• _Collected material_:
=-=-=

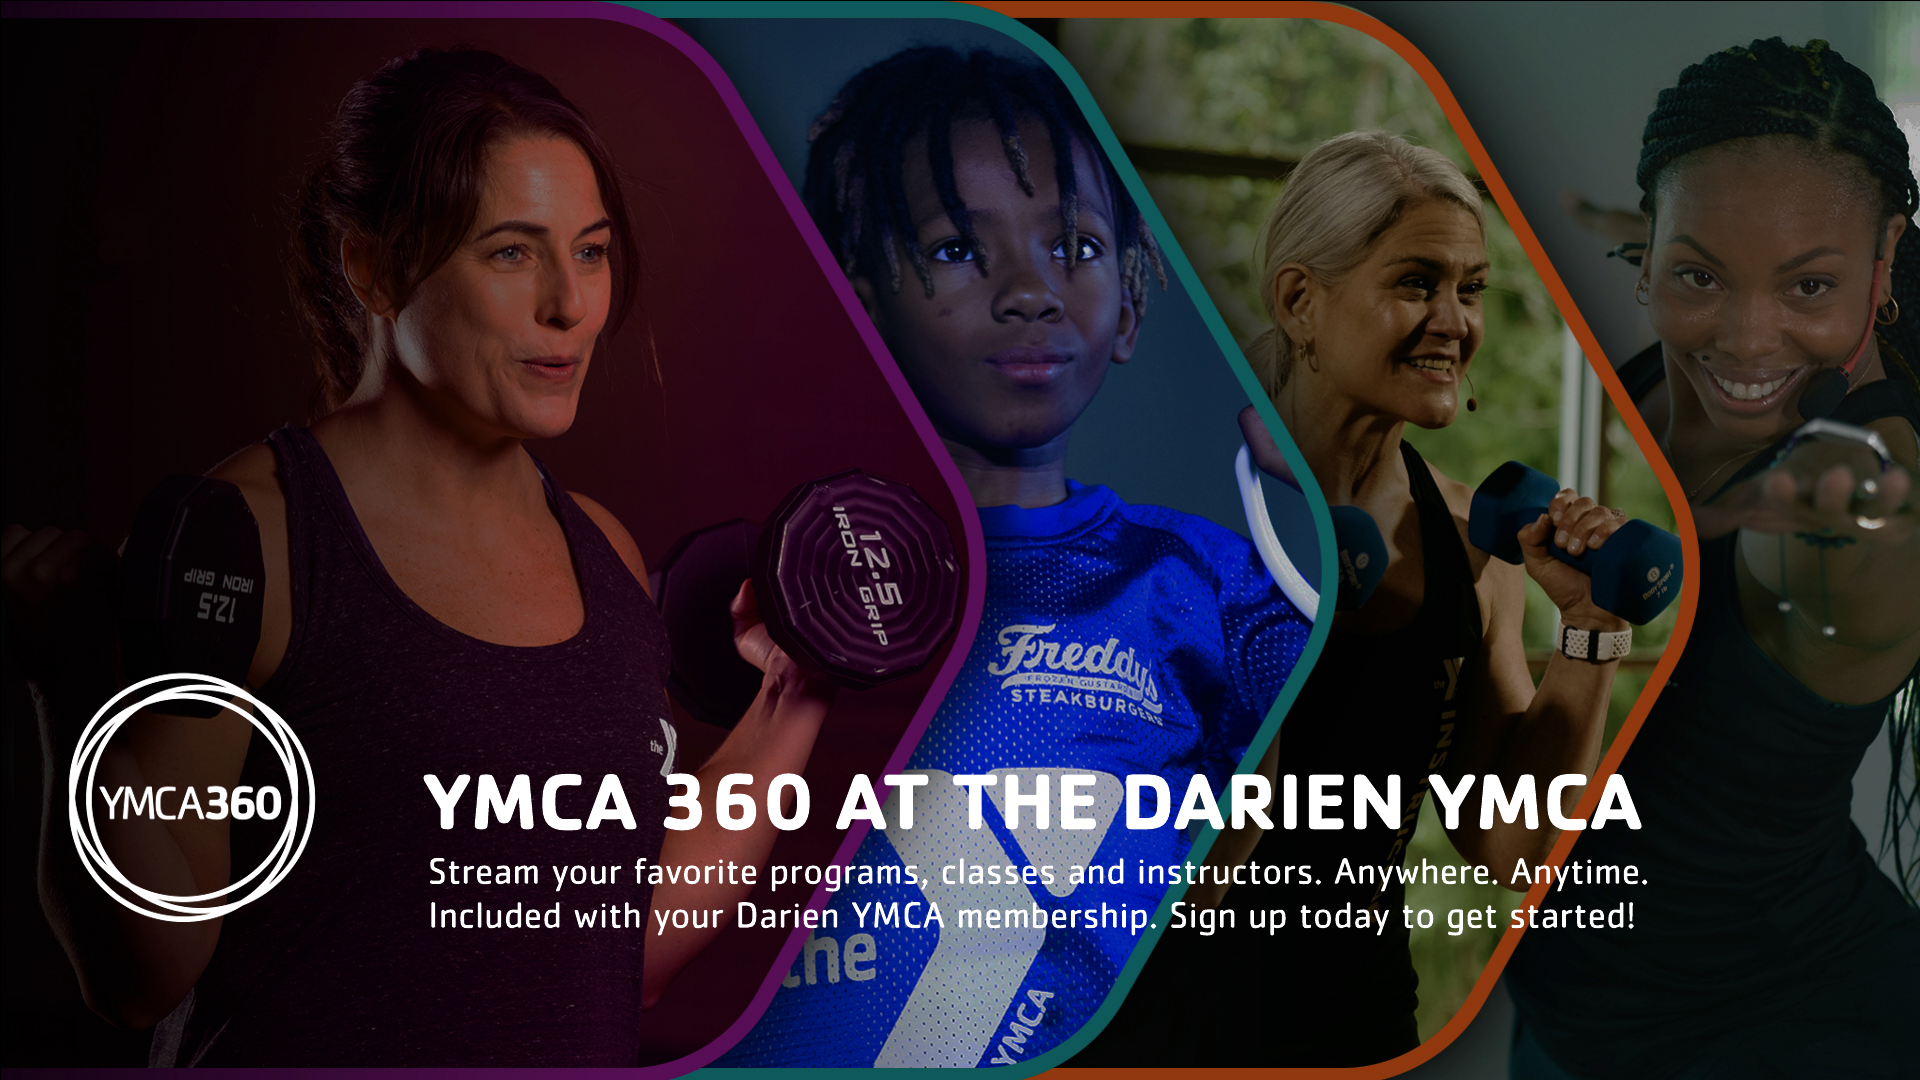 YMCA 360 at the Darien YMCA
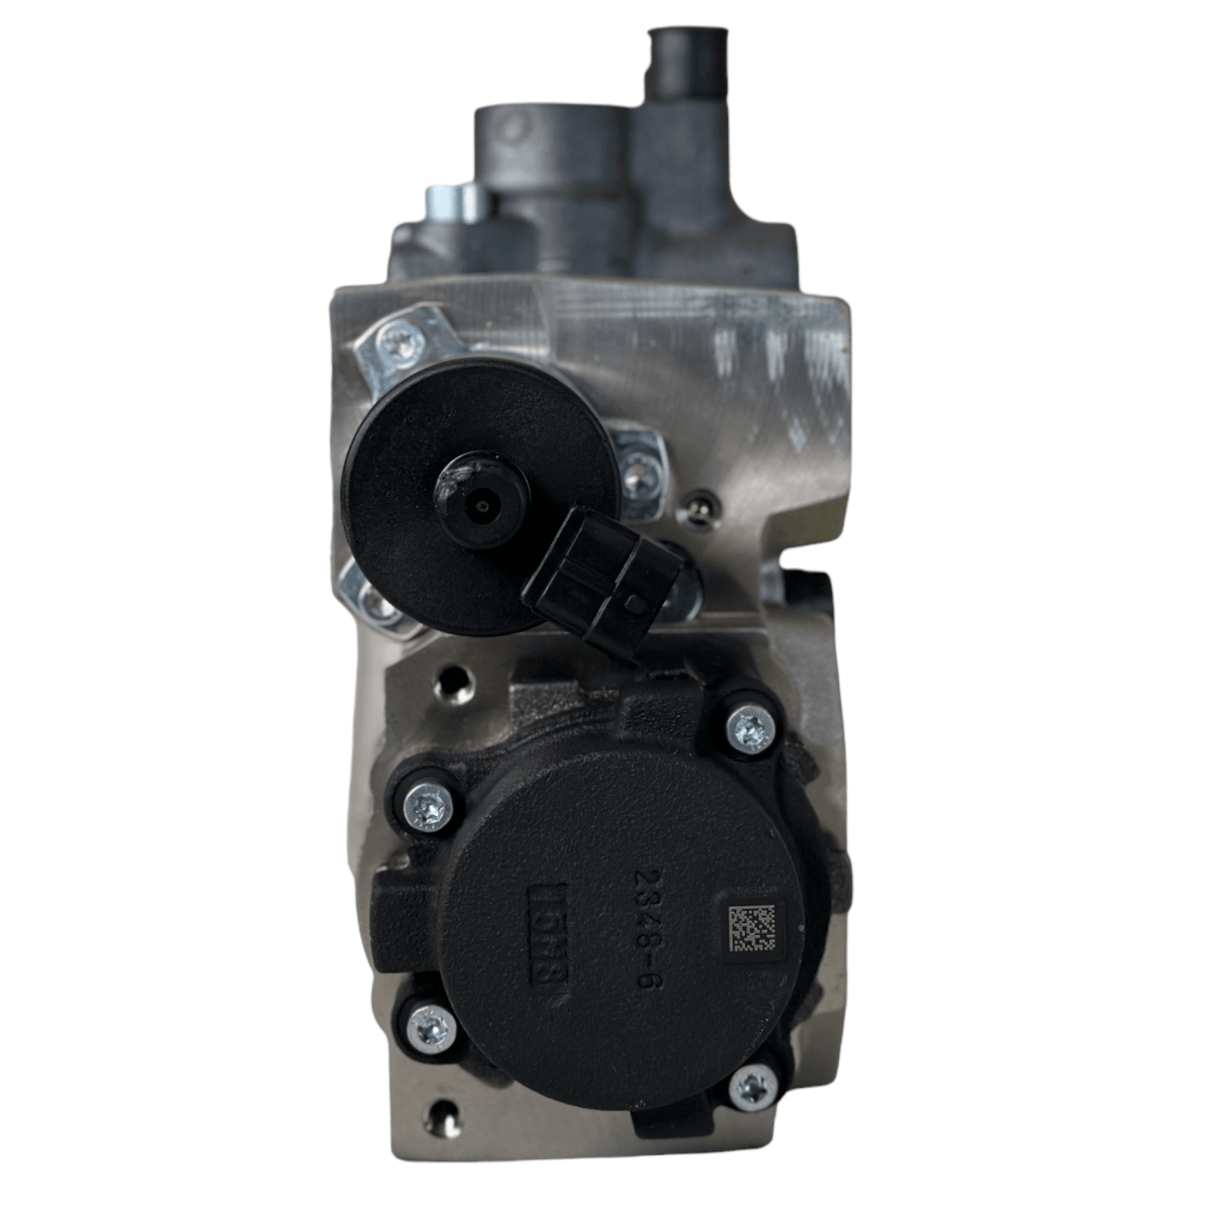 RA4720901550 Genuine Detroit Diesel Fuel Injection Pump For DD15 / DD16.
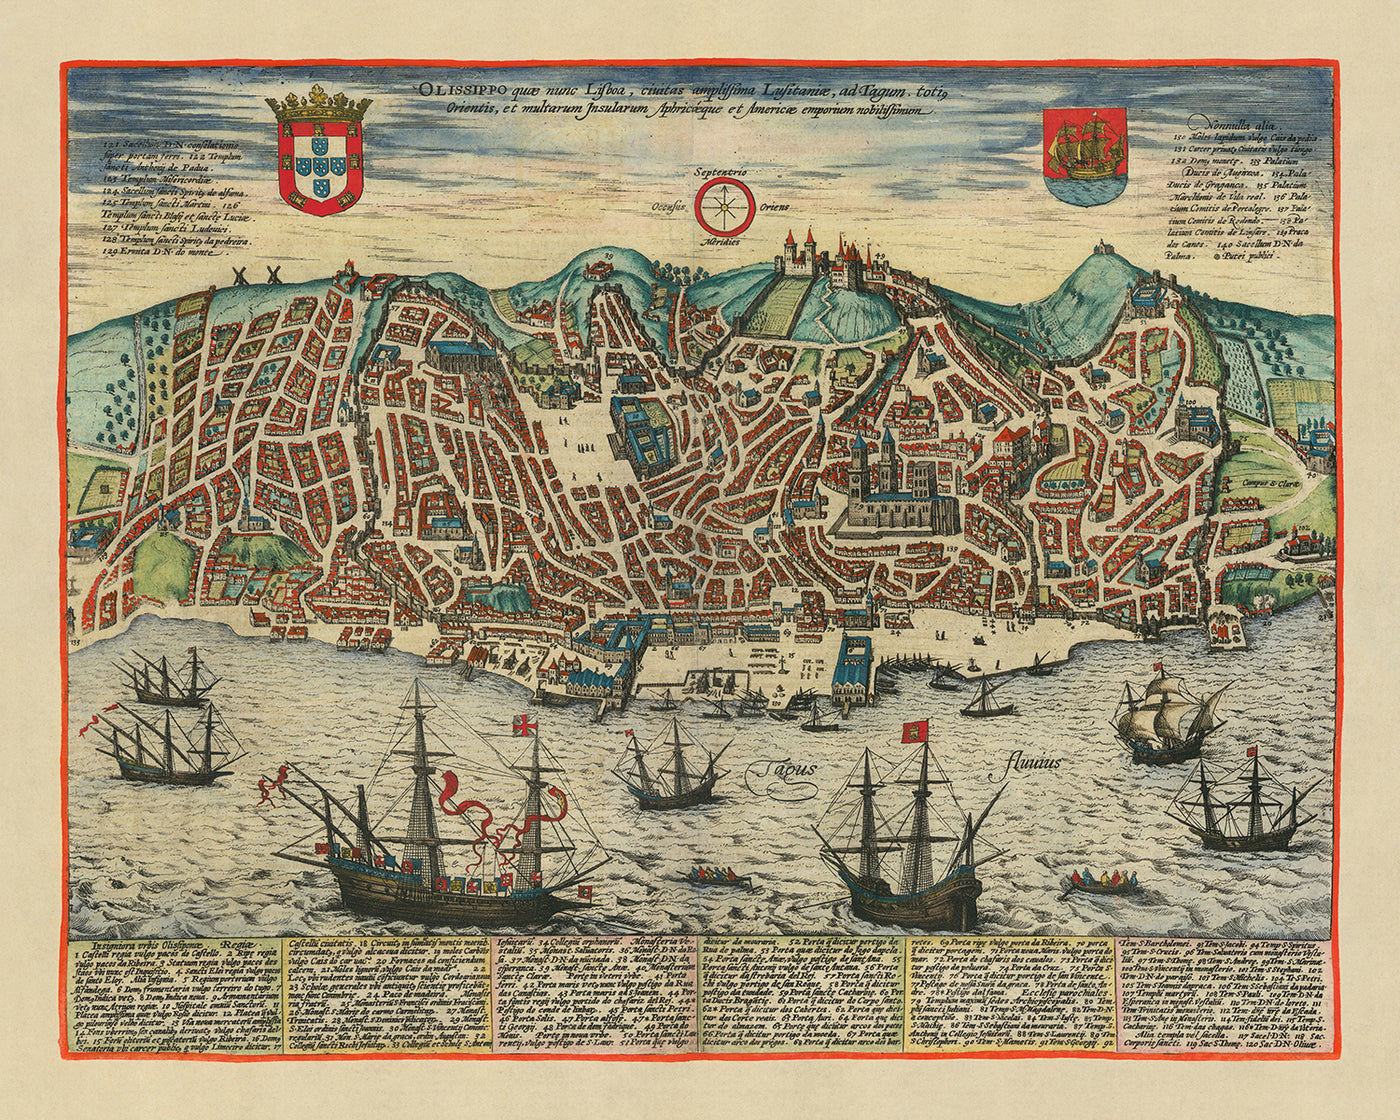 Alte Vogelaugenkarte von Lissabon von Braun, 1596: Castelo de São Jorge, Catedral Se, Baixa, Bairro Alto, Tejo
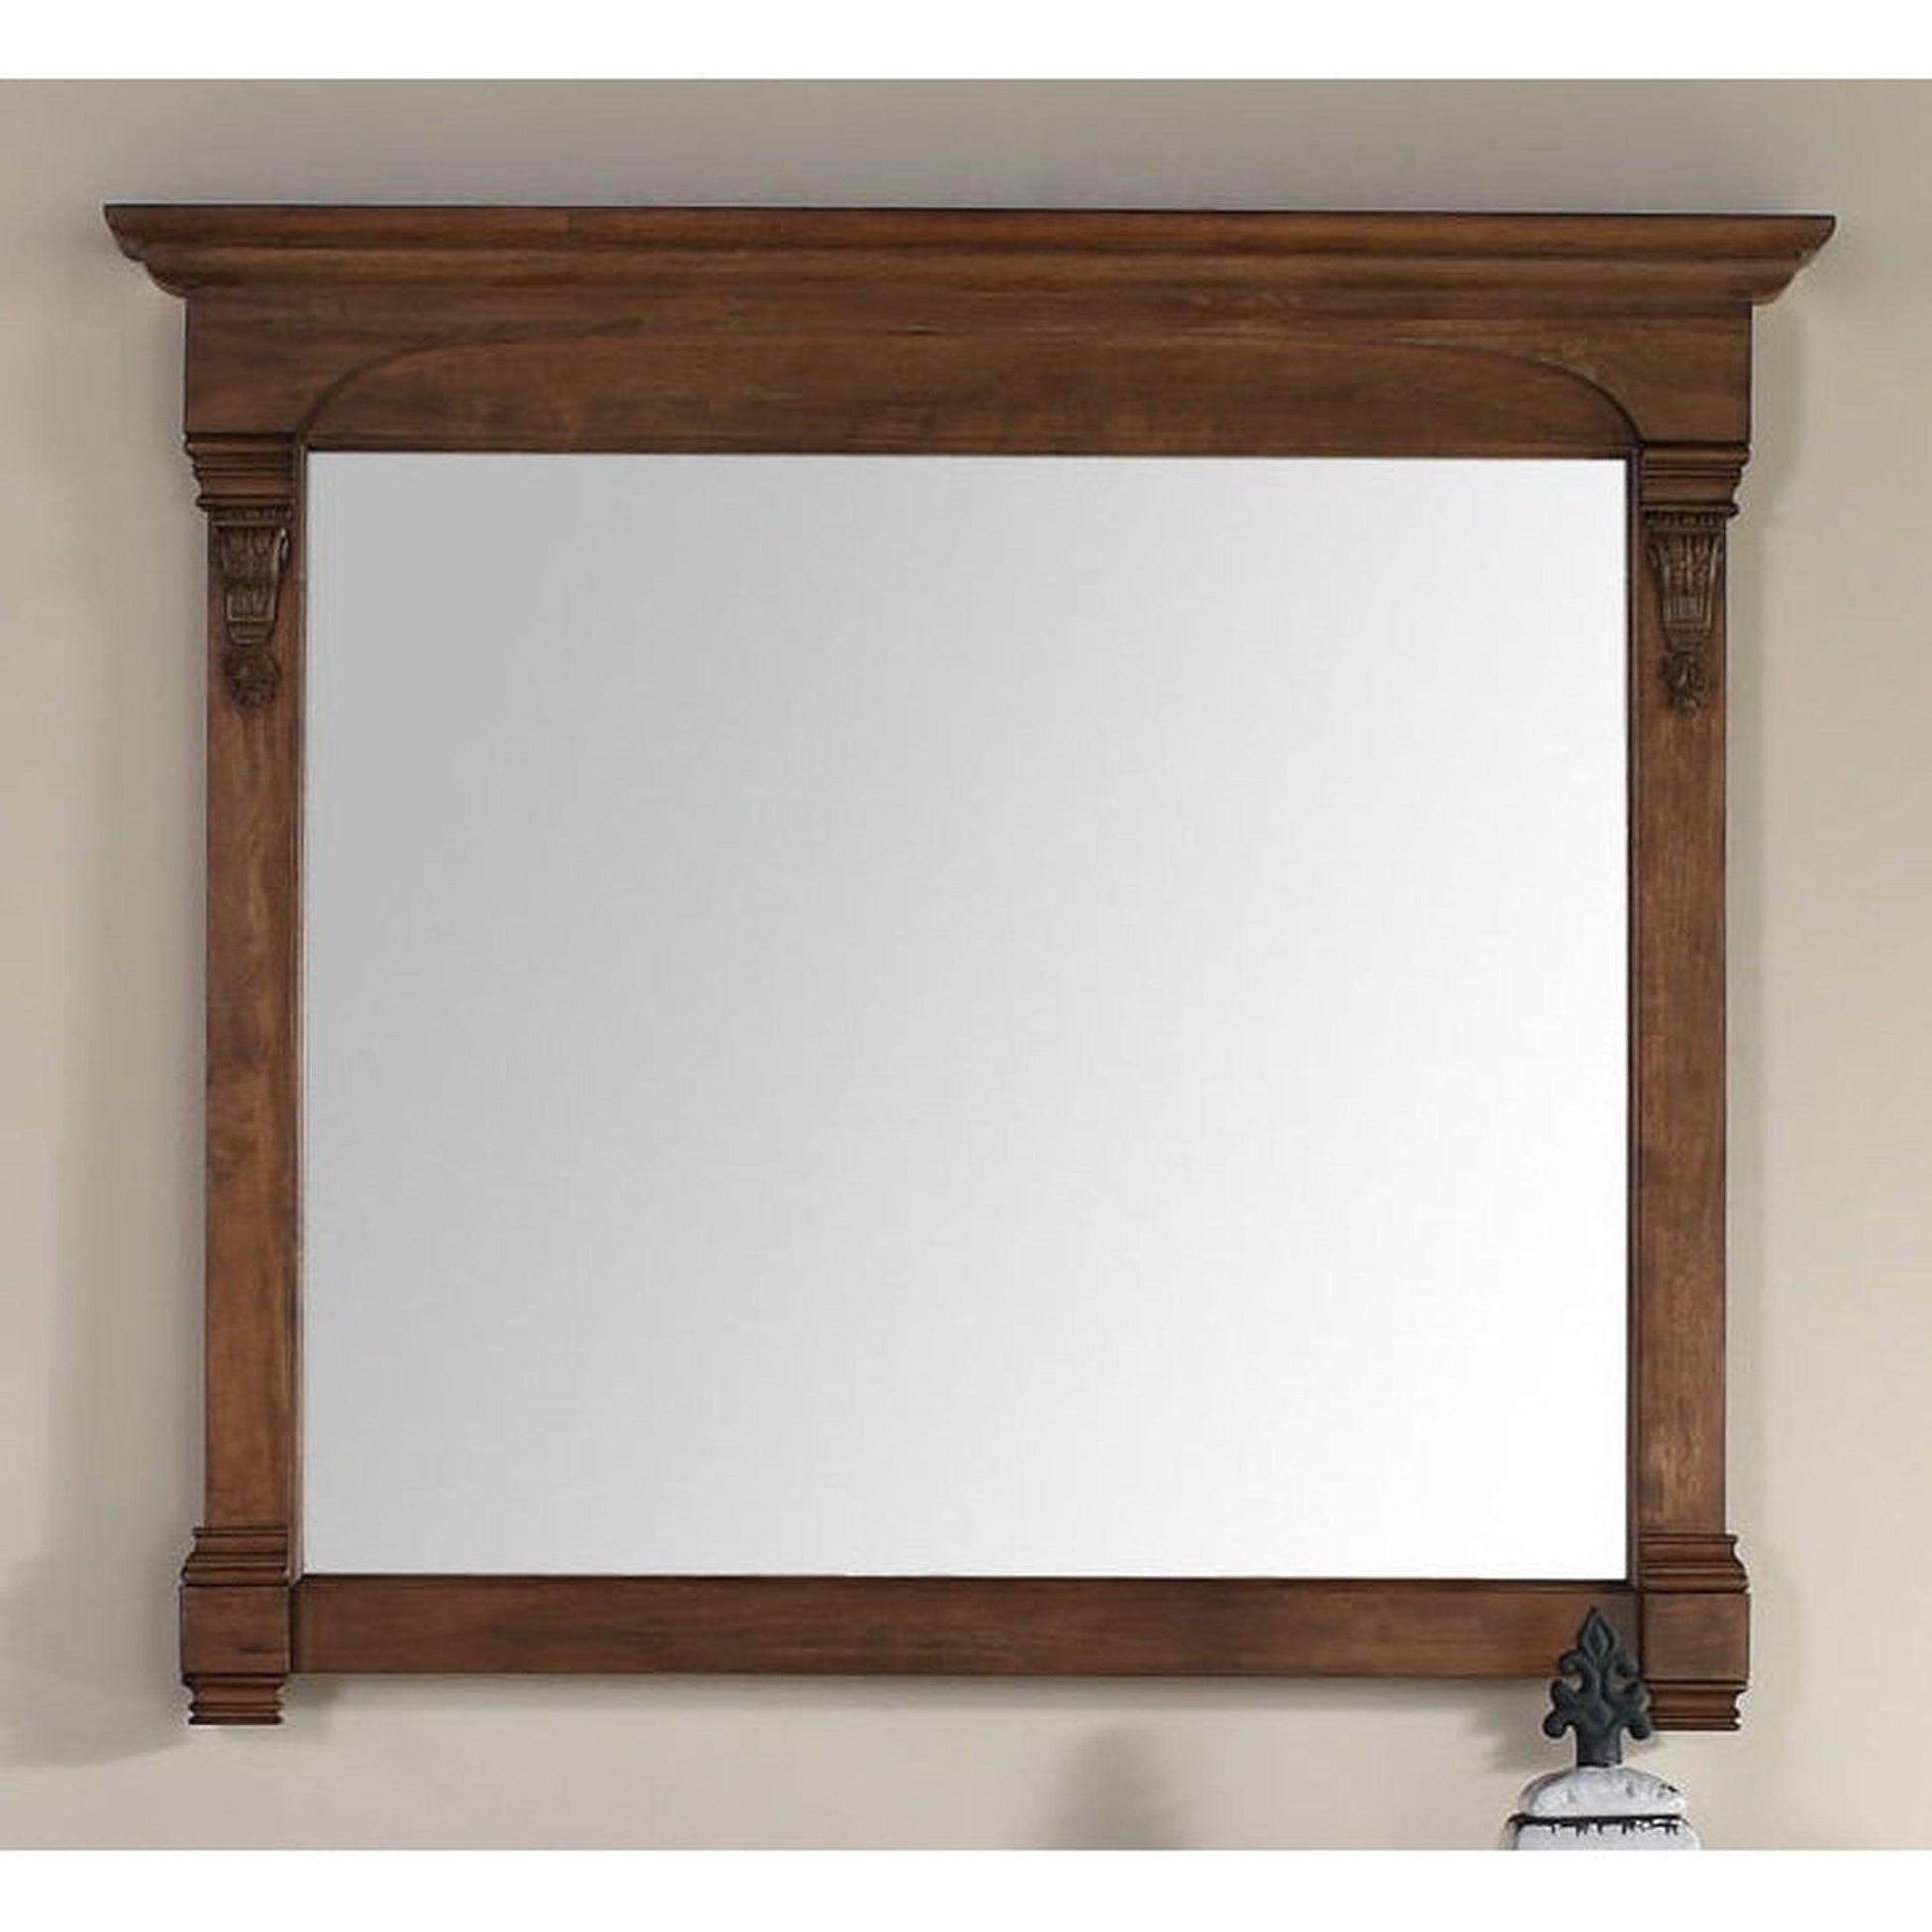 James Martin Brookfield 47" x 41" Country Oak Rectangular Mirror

=-=-=

• _Description of the task_:
Go through the data and return every word of it verbatim, leaving out the pictures.

• _Written answer_:
 YMCA 360 at the Darien YMCA
 RA4720901550 Genuine Detroit Diesel Fuel Injection Pump For DD15 / DD16.
 Alte Vogelaugenkarte von Lissabon von Braun, 1596: Castelo de São Jorge, Catedral Se, Baixa, Bairro Alto, Tejo
 James Martin Brookfield 47" x 41" Country Oak Rectangular Mirror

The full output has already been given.